◆ Dataset extract
--------------------------------
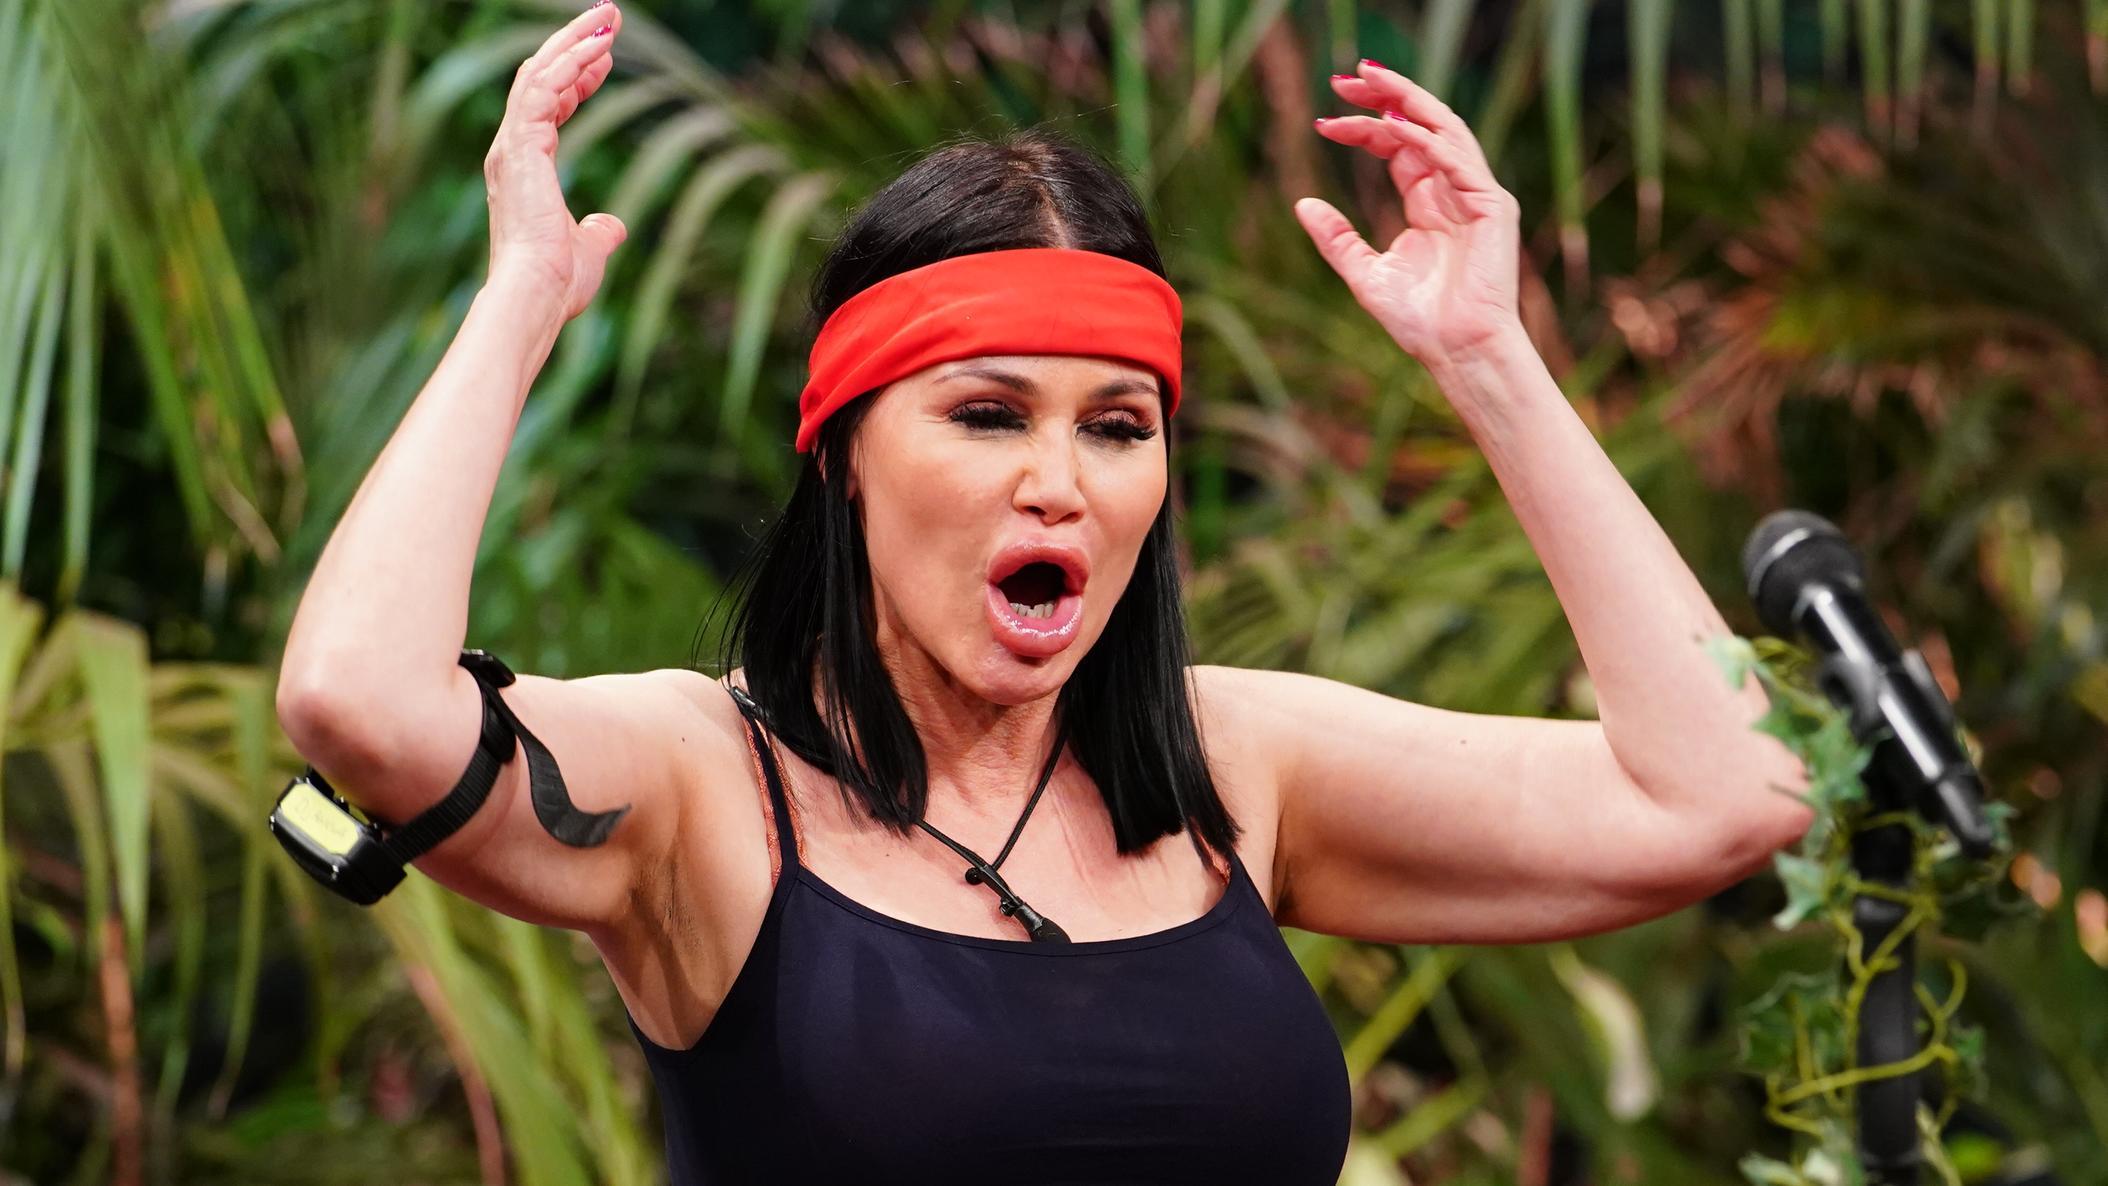 Dschungelcamp 2021: Djamila Rowe hat ein Trauma vom Penis dieses TV-Stars
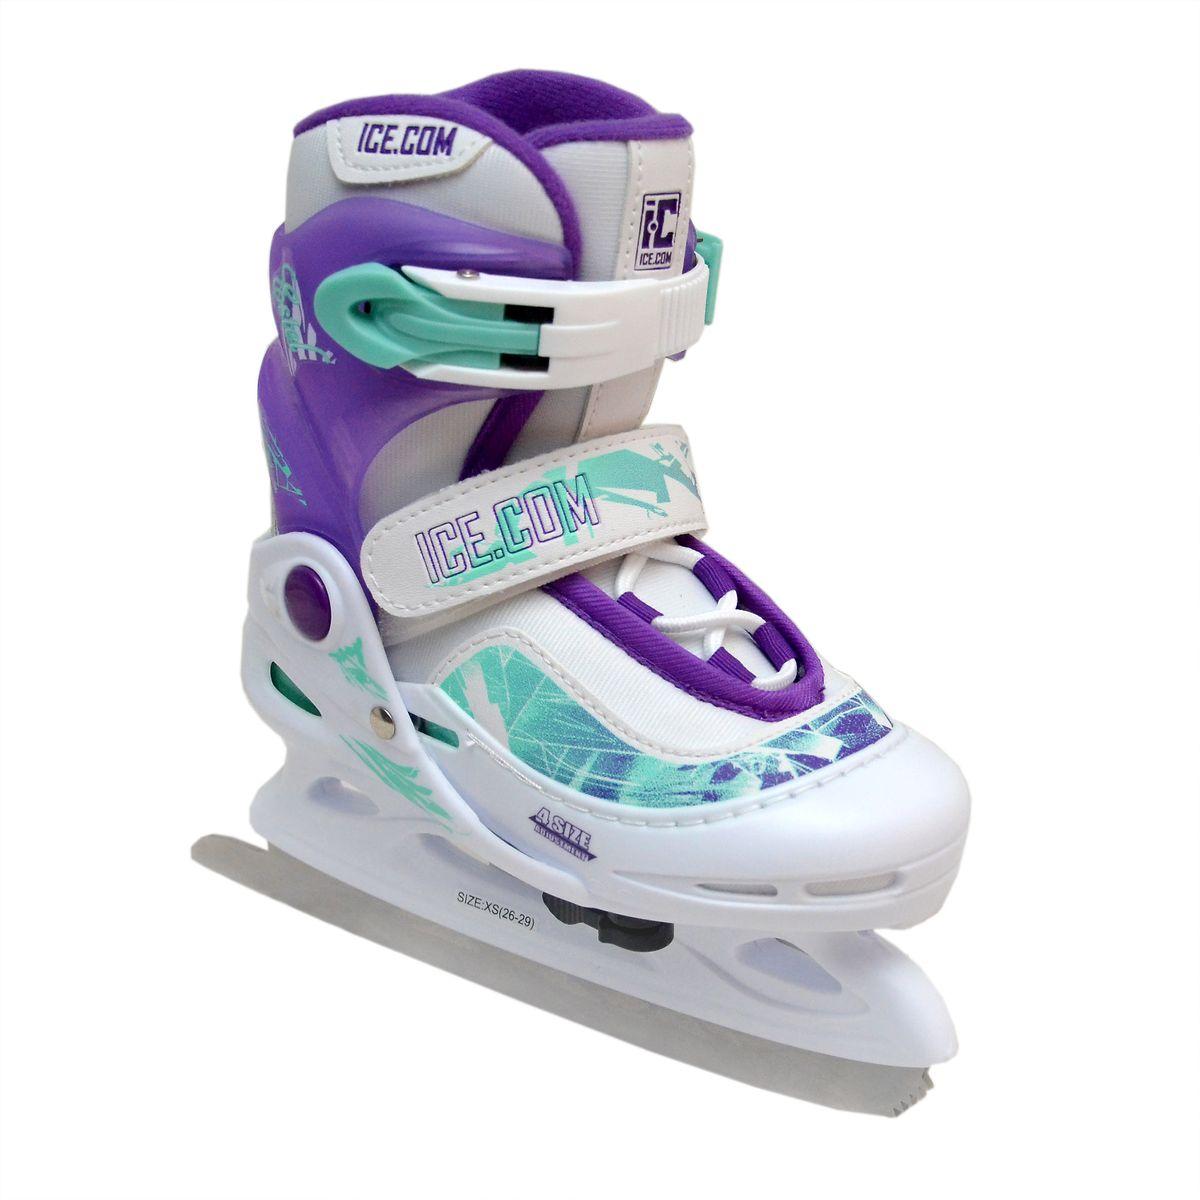 ICE.COM Коньки ледовые для девочки Ice. Com Estel, раздвижные, цвет: белый, фиолетовый, бирюзовый. Размер 30/33
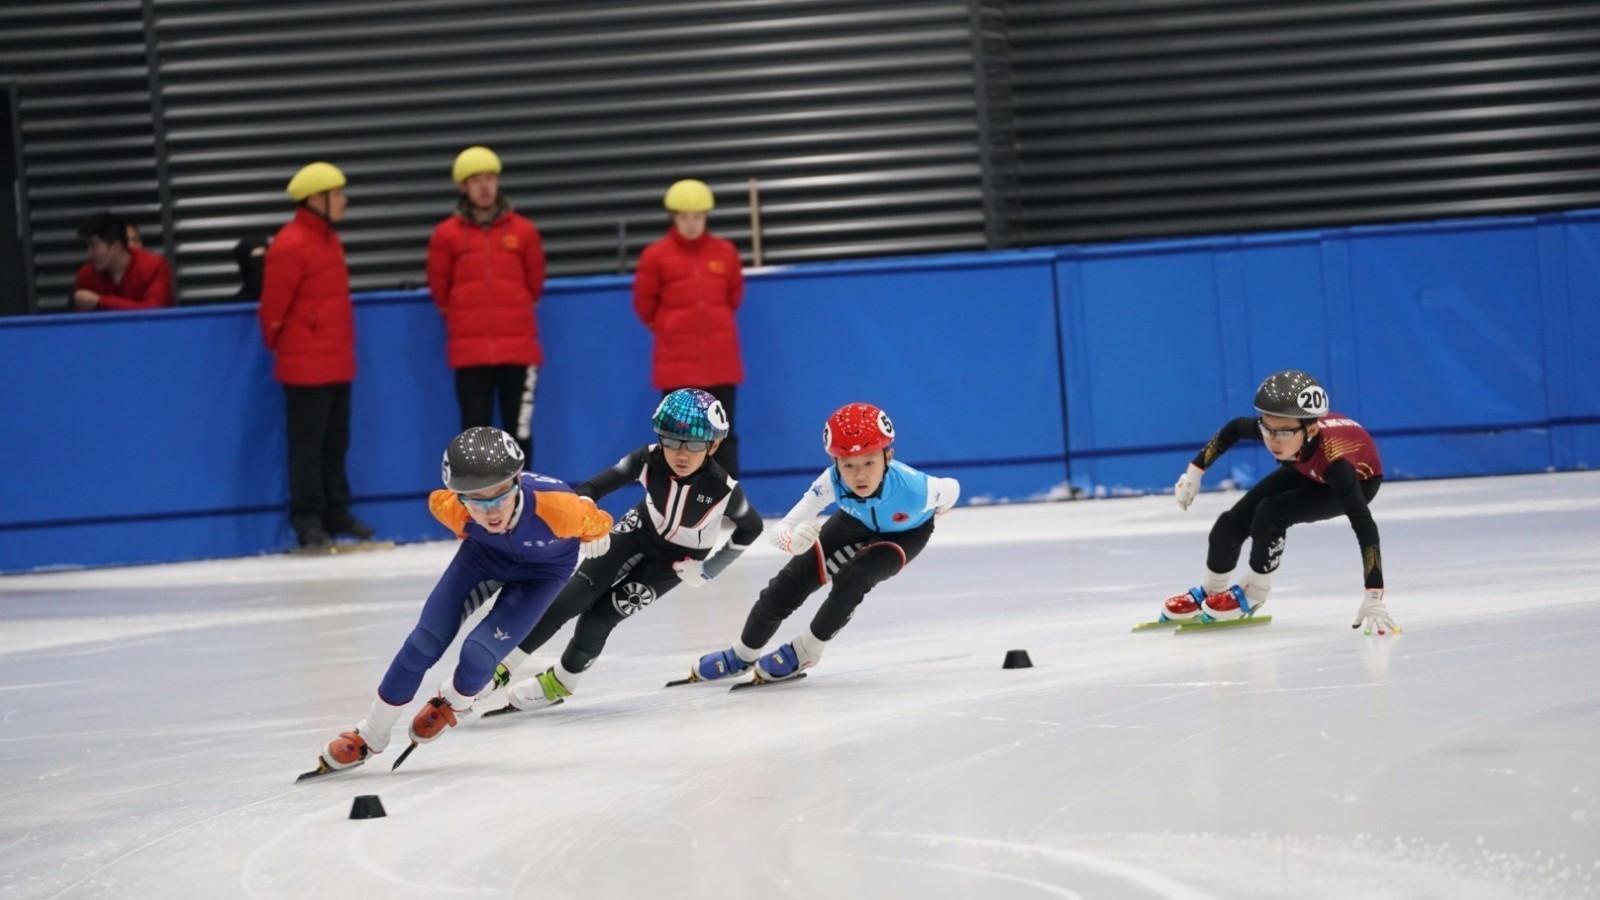 2019年京津冀青少年U系列短道速滑冠军赛在京举行
--------------------------------
Since the pictures are not wanted, repeat only the rest of the material, exactly as given.

 Dschungelcamp 2021: Djamila Rowe hat ein Trauma vom Penis dieses TV-Stars
 ICE.COM Коньки ледовые для девочки Ice. Com Estel, раздвижные, цвет: белый, фиолетовый, бирюзовый. Размер 30/33
 2019年京津冀青少年U系列短道速滑冠军赛在京举行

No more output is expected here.